THE TASK ▸ Once the line with "Sandy Pink Galaxy Note 10 Lite" is found in the data, output it and each following line exactly, up to and including the line with "Viana do Castelo, Portugal", and nothing before or after.

RECORDS FOR PROCESSING ▸
▼
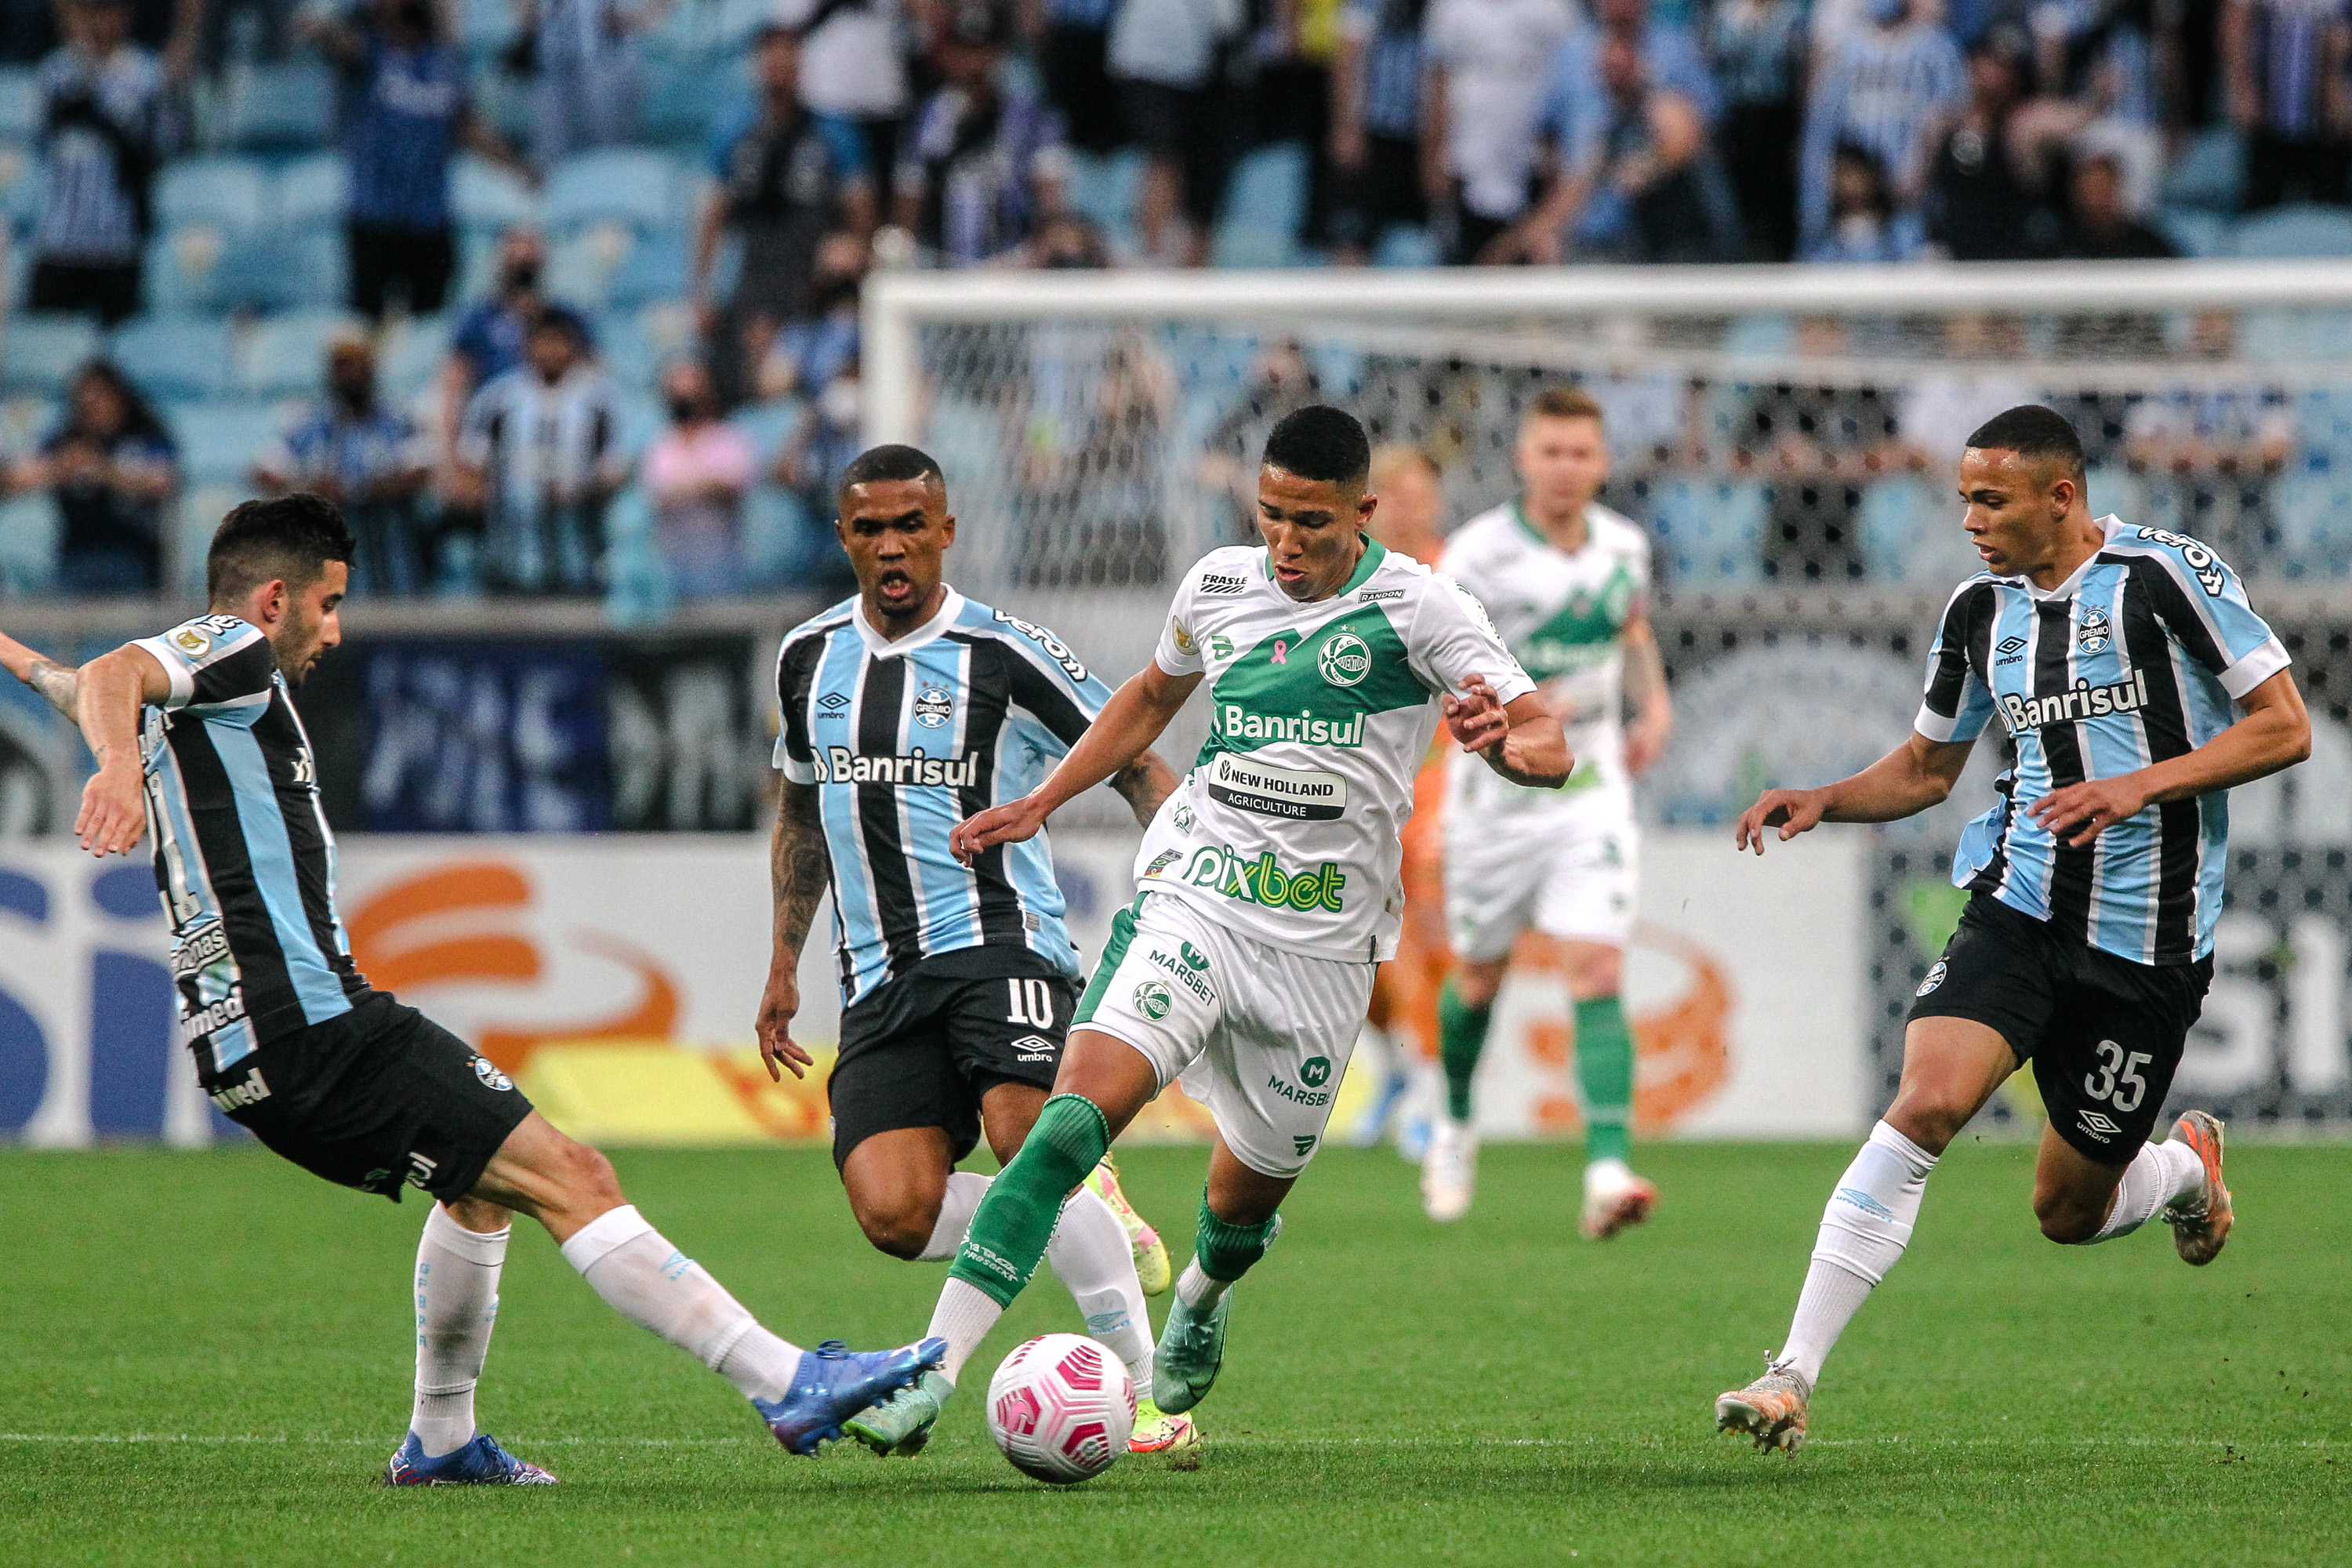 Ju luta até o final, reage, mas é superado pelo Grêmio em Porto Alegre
▲
▼
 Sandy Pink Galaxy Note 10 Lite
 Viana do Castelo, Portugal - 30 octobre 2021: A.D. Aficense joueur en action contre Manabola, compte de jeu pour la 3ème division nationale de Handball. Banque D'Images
▲
TASK ANSWER ▸
 Sandy Pink Galaxy Note 10 Lite
 Viana do Castelo, Portugal - 30 octobre 2021: A.D. Aficense joueur en action contre Manabola, compte de jeu pour la 3ème division nationale de Handball. Banque D'Images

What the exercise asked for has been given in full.